21:52 imirkin_: texture offsets are just another arg
21:52 imirkin_: this stuff has to be fed in in a very precise order
21:52 imirkin_: so look at the tgsi logic
21:52 imirkin_: for that order
21:53 imirkin_: build util already has the post-ra helper
21:53 imirkin_: might as well have the pre-ra helper
21:53 karolherbst: I thought I would have to do something like with the offsets thing as well?
21:53 karolherbst: or are those really just args?
21:54 imirkin_: yeah
21:54 imirkin_: just args
21:54 imirkin_: i forget where they go in the flow of things
21:54 imirkin_: but all that logic is EXTREMELY fragile
21:54 karolherbst: :)
21:54 karolherbst: I noticed
21:54 imirkin_: so you HAVE to do it in the *precise* order that tgsi does it in
21:54 karolherbst: yeah, I noticed
21:54 imirkin_: since then each generation of nvidia hw wants its TEX arguments in a different order
21:55 imirkin_: so there's all kinds of hacks around reordering them
21:55 imirkin_: and combining
21:55 imirkin_: etc
21:55 karolherbst: sounds... aweful
21:55 imirkin_: oh, right - actually the offsets might go on the side
21:55 imirkin_: hold on
21:55 karolherbst: maybe having something like tex->setTextureOffset would be the better solution here ;)
21:55 imirkin_: ok, right
21:55 karolherbst: well, they are going into the args at least, so much I know
21:55 imirkin_: so TexInstruction
21:55 imirkin_: has an offset[4][3]
21:55 imirkin_: which you should stick stuff into
21:55 karolherbst: yeah
21:56 karolherbst: I do that for "offsets" already
21:56 imirkin_: normally you only use offsets[0][i]

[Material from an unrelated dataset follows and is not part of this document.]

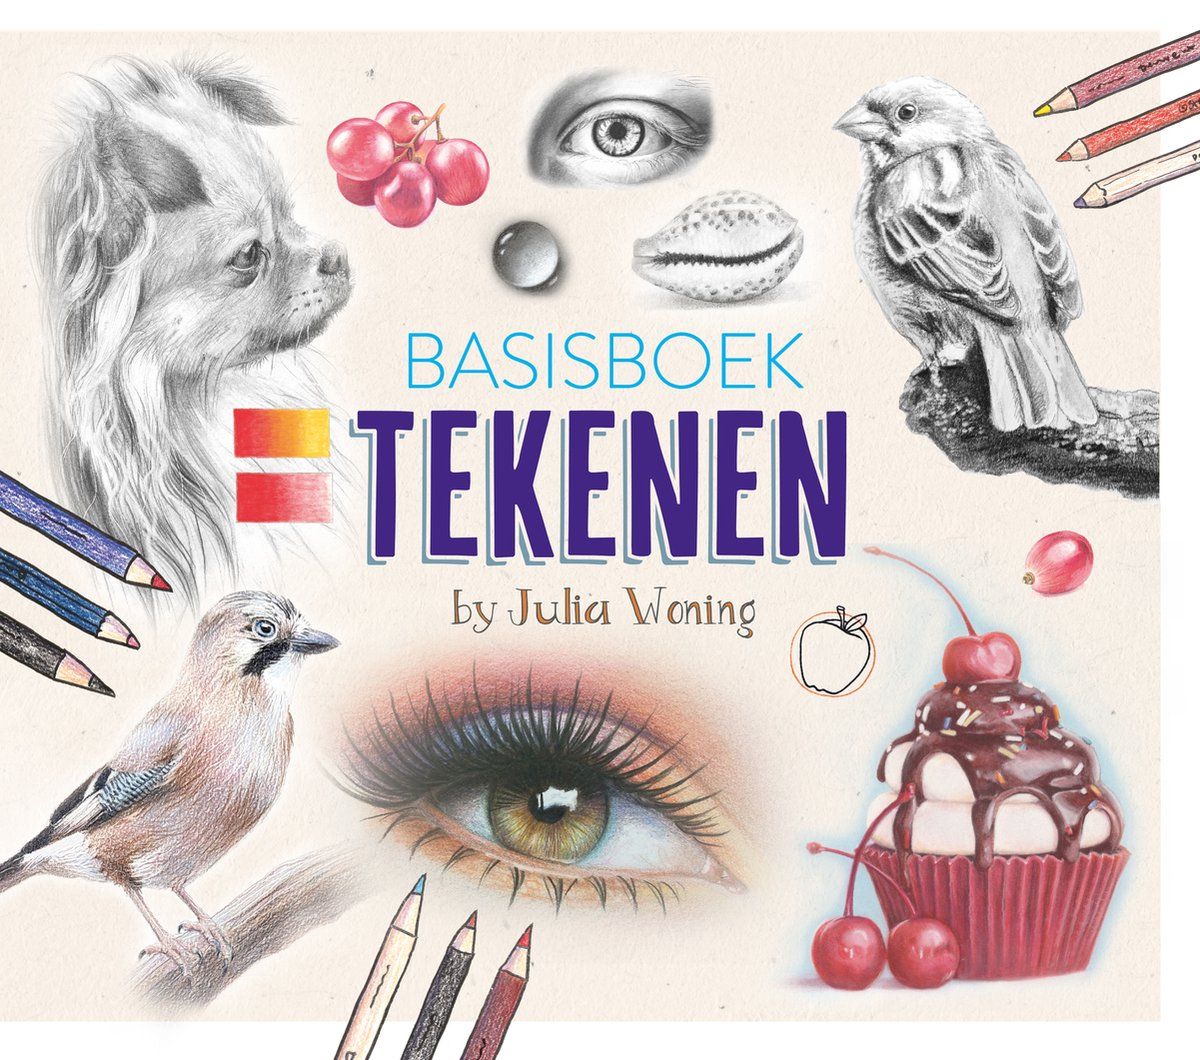 Basisboek Tekenen door Julia Woning, nu te koop bij Kunstburg.nl in Neede
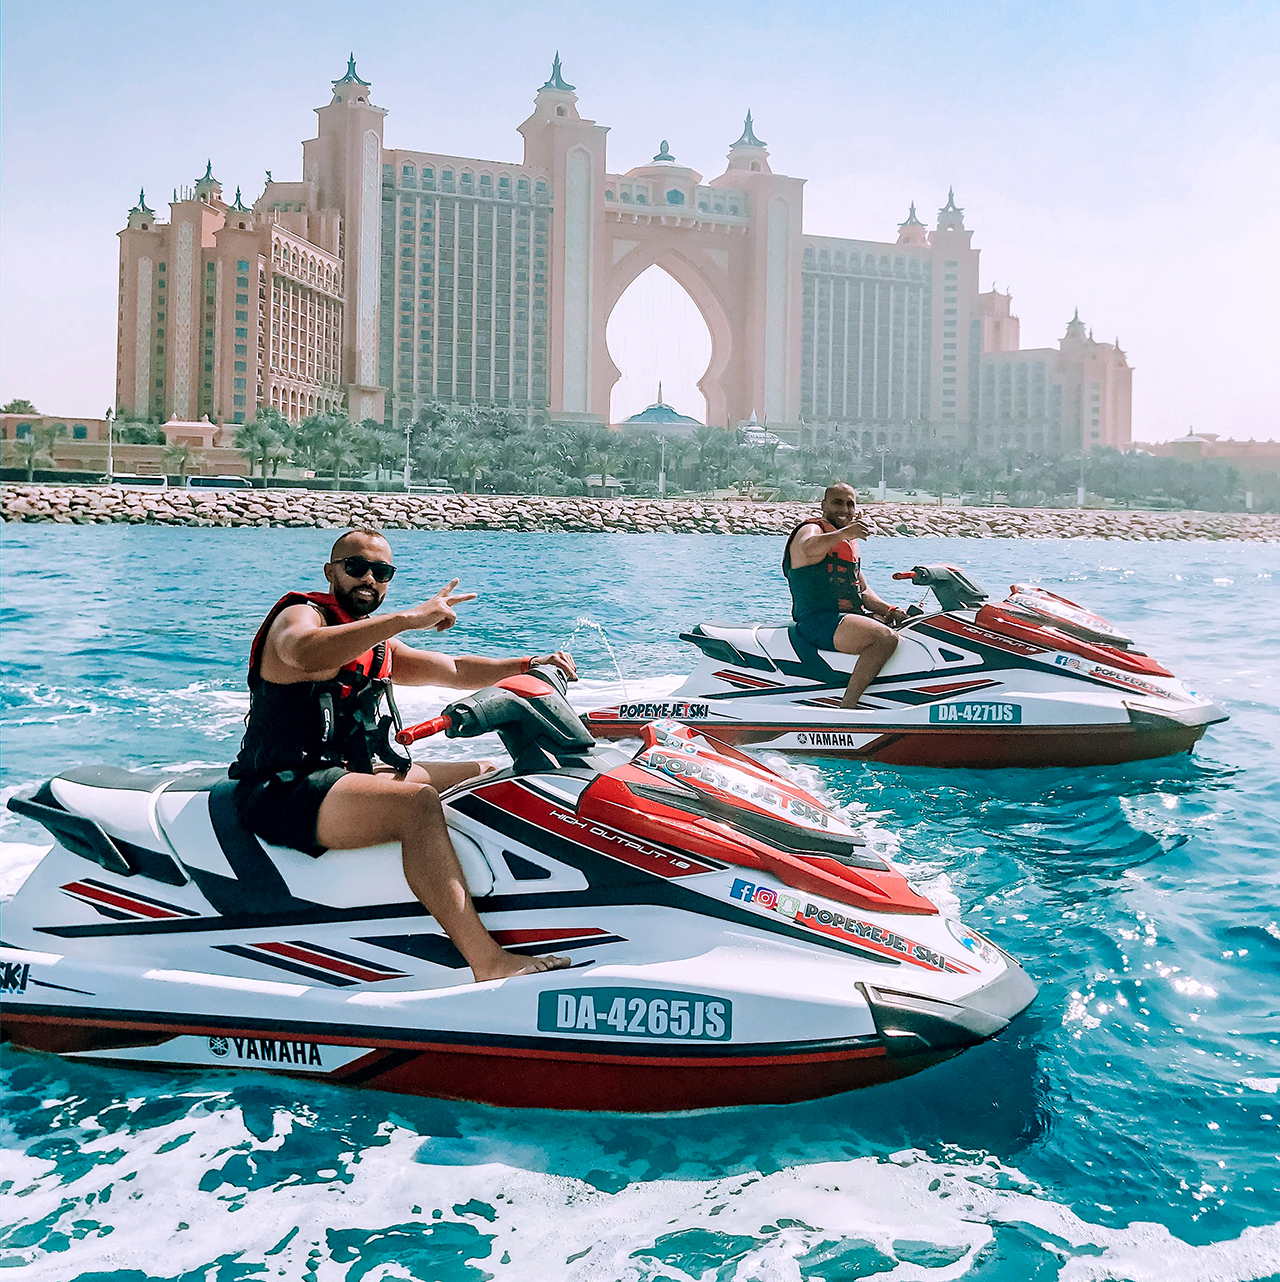 تريب أدفايزر: «جت سكي» دبي التجربة السياحية الأولى عالمياً

21:56 imirkin_: i don't think nir supports the 4-argument textureGatherOffsets equivalent
21:56 imirkin_: so you don't have to worry about that
21:56 imirkin_: but there's a TG4 option to have 4 separate offsets for each texel gathered
21:57 imirkin_: (why, you ask? no clue.)
21:57 karolherbst: uhhh
21:57 imirkin_: and nir doesn't support it coz it doesn't have to
21:57 imirkin_: it just lowers it into 4 tg4's
21:57 imirkin_: and moves on with life
21:58 imirkin_: which is what intel and amd hw want anyways
21:58 imirkin_: (and adreno)
21:58 imirkin_: afaik nvidia is the only one that supports that in hw directly
22:03 karolherbst: okay
22:14 pmoreau: karolherbst: Just playing a bit with the loops again: increasing func->loopNestingBound when I generate a back edge does solve the register being reused for something else, but I am not getting the correct result, probably something else is wrong.
22:15 pmoreau: But I’ll need to keep a better track of the ongoing CFG.
22:17 pmoreau: BTW, can’t remember whether I pinged you or not about it already today, but there might be some movement for upstreaming the SPIR-V backend in clang/LLVM.
22:17 pmoreau: karolherbst: -^
22:19 karolherbst: I think your test is wrong
22:20 karolherbst: what result do you get, 50?
22:21 karolherbst: I think I got a different result on nvidia and some other opencl driver, not quite sure
22:27 pmoreau: I get 20 :-D
22:27 pmoreau: But yes, the expected result is wrong, I think it should be 55.
22:28 pmoreau: Clearly 20 can’t be right: without the if statement (so, only adding numbers from 0 to 10, I get 45 which is the correct result.
22:34 pmoreau: Ah, I think the remaining bug in the loop comes from my out-of-SSA pass.